Exercise material:
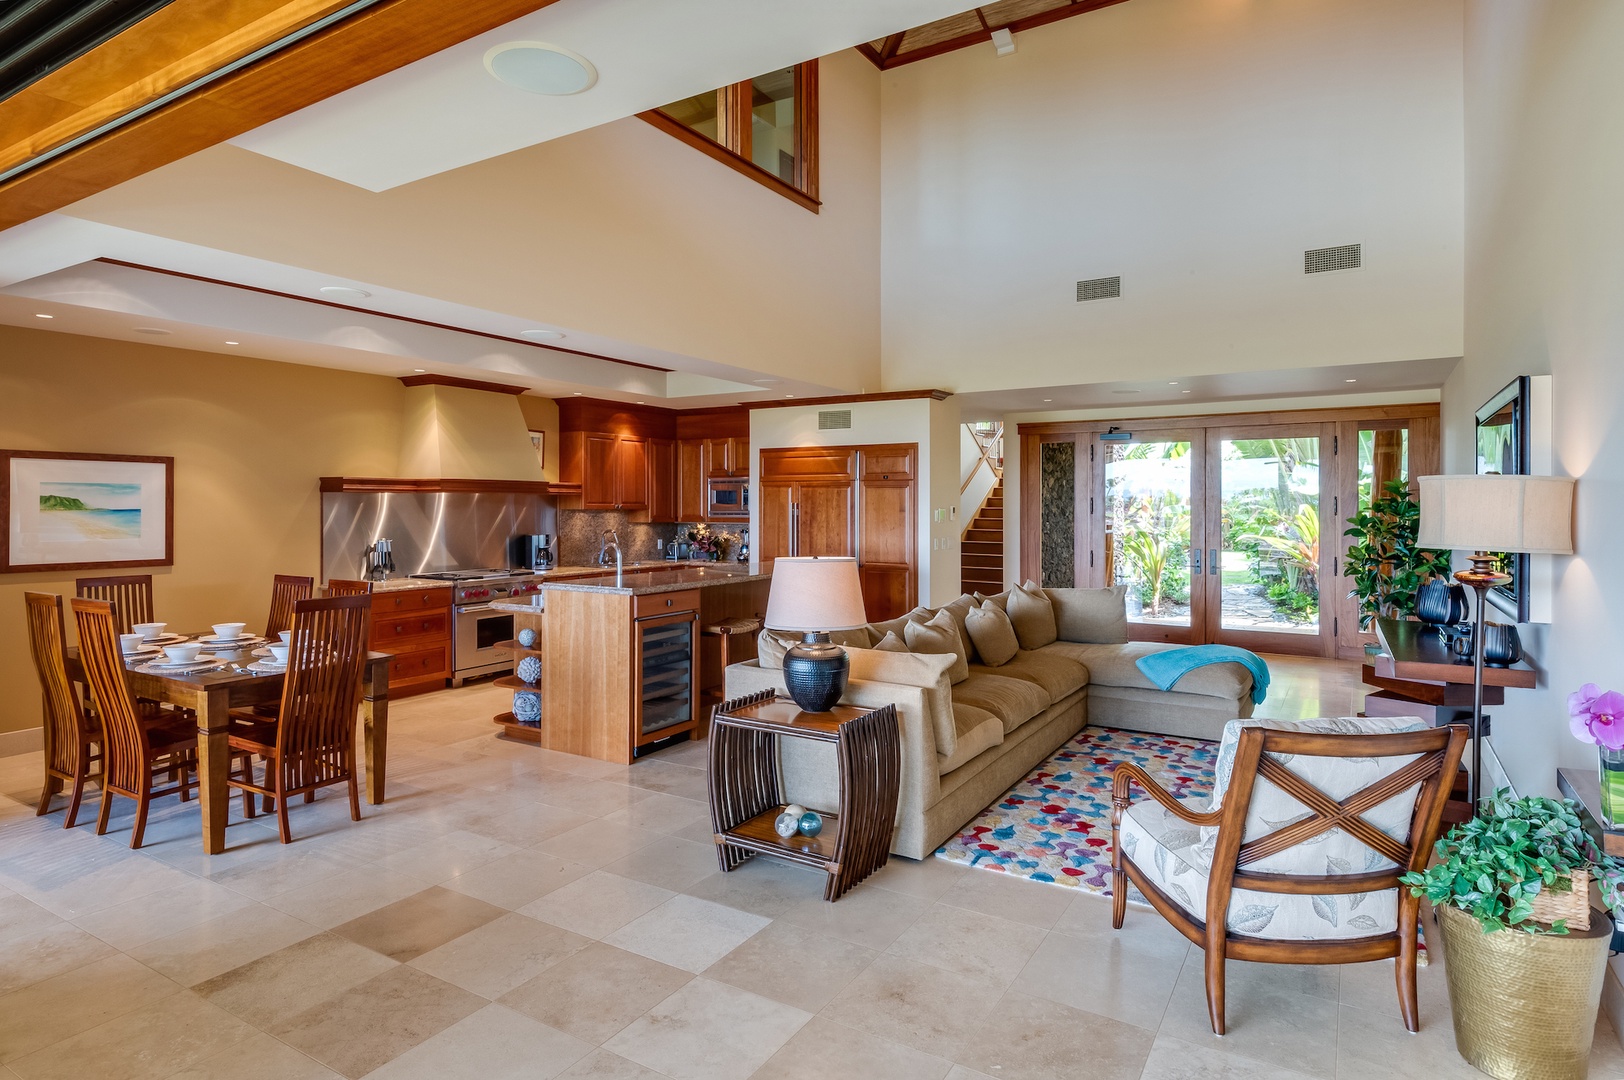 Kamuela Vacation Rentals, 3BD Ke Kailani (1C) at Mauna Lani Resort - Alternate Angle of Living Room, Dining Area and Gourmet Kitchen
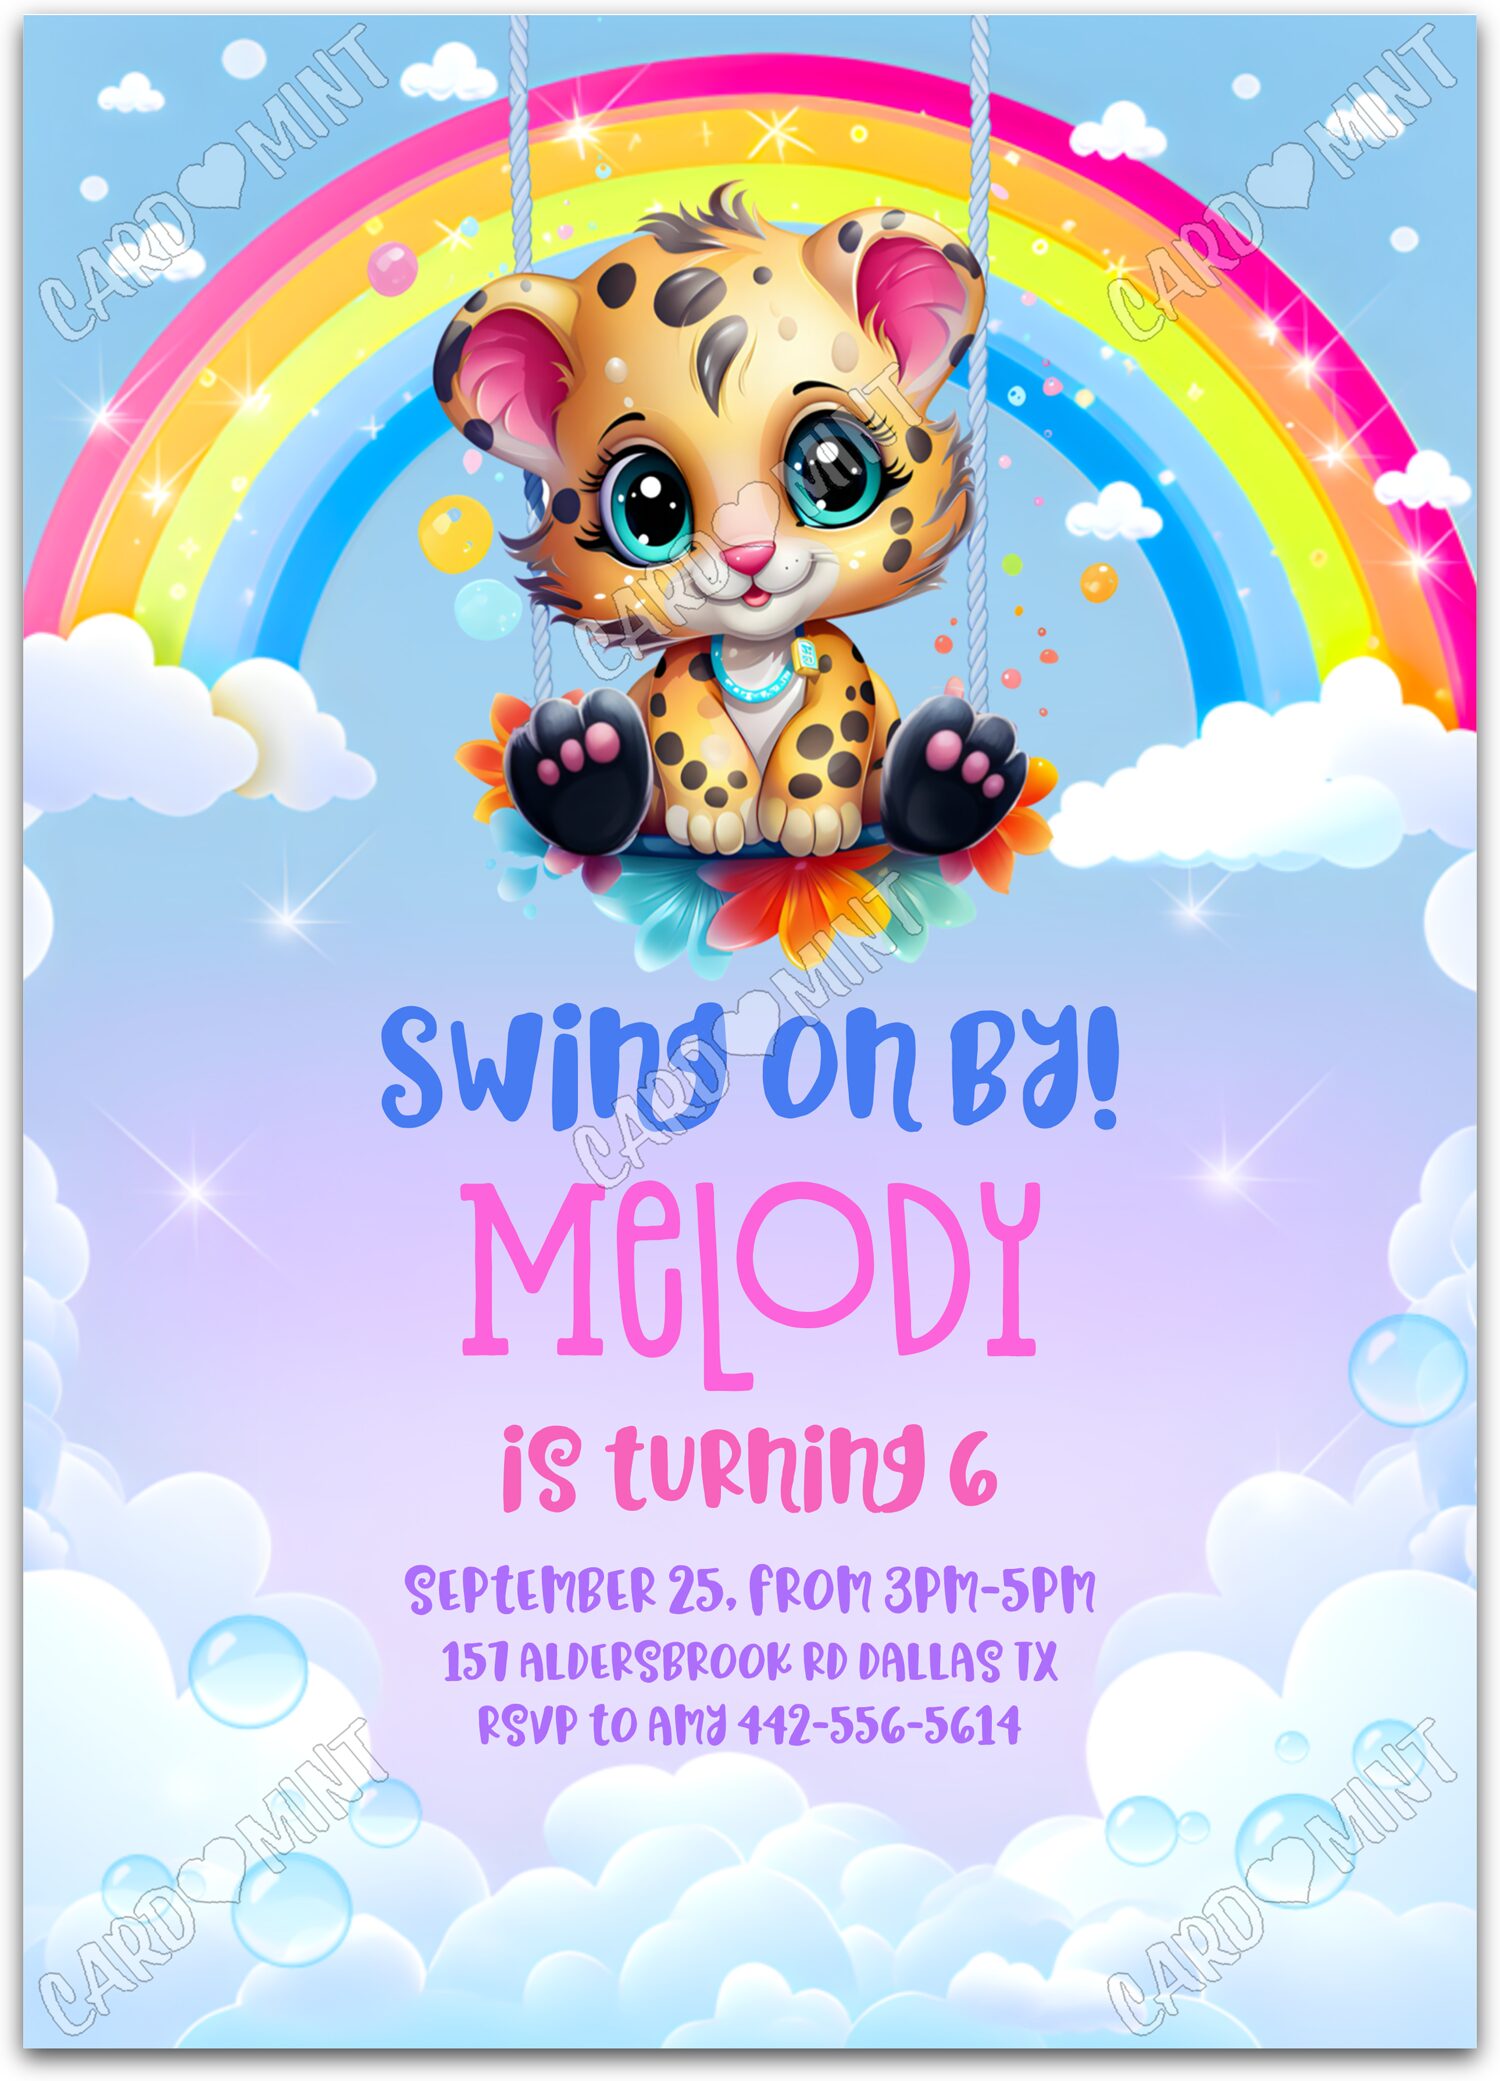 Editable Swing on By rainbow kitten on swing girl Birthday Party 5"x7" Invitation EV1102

==

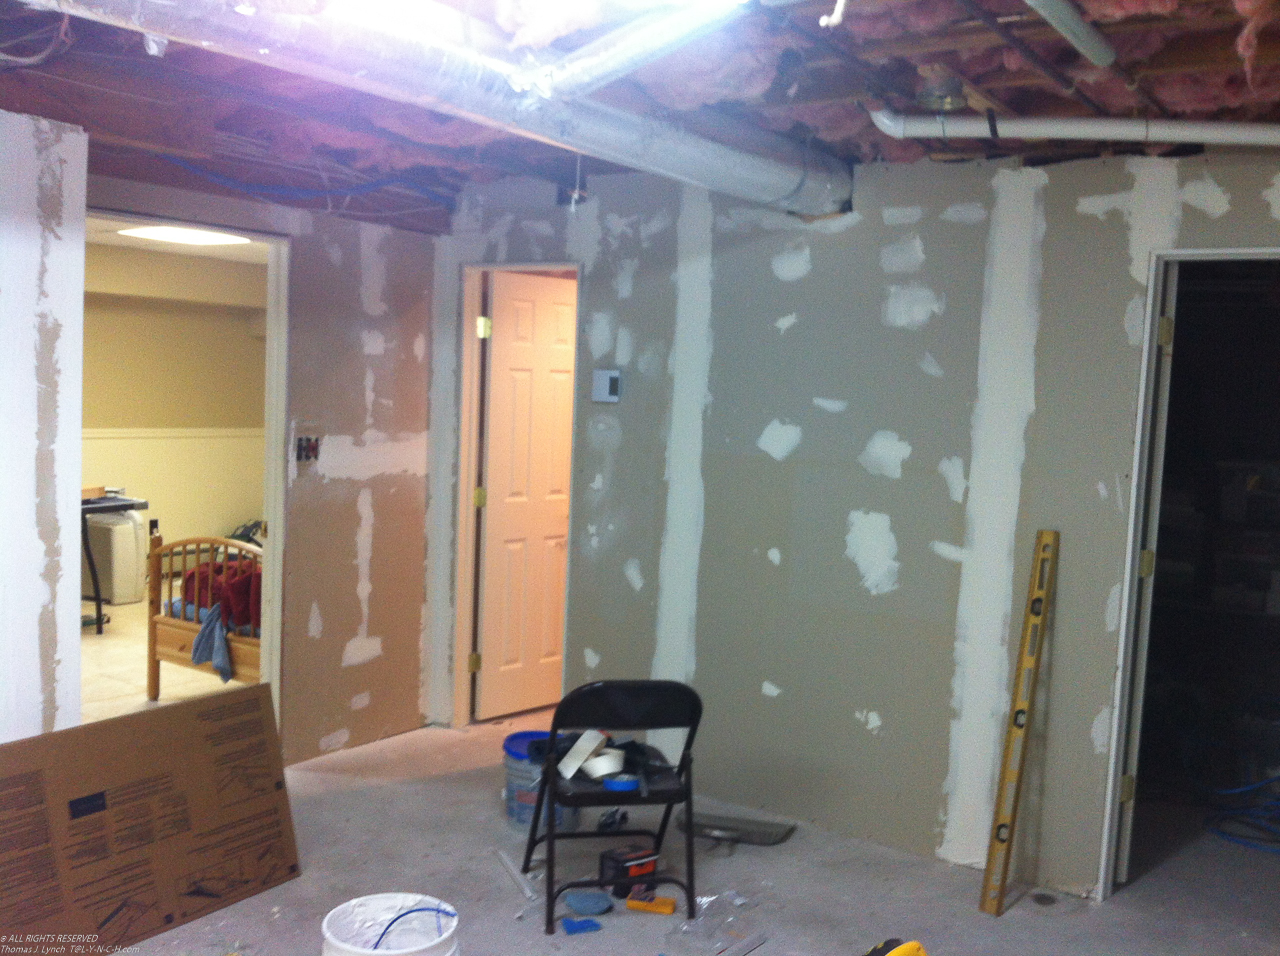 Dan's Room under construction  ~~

Exercise goal:
With the pictures left out, write out exactly the lines above from the one containing "Kamuela Vacation Rentals, 3BD" through the one containing "Editable Swing on".

Response to the exercise:
 Kamuela Vacation Rentals, 3BD Ke Kailani (1C) at Mauna Lani Resort - Alternate Angle of Living Room, Dining Area and Gourmet Kitchen
 Editable Swing on By rainbow kitten on swing girl Birthday Party 5"x7" Invitation EV1102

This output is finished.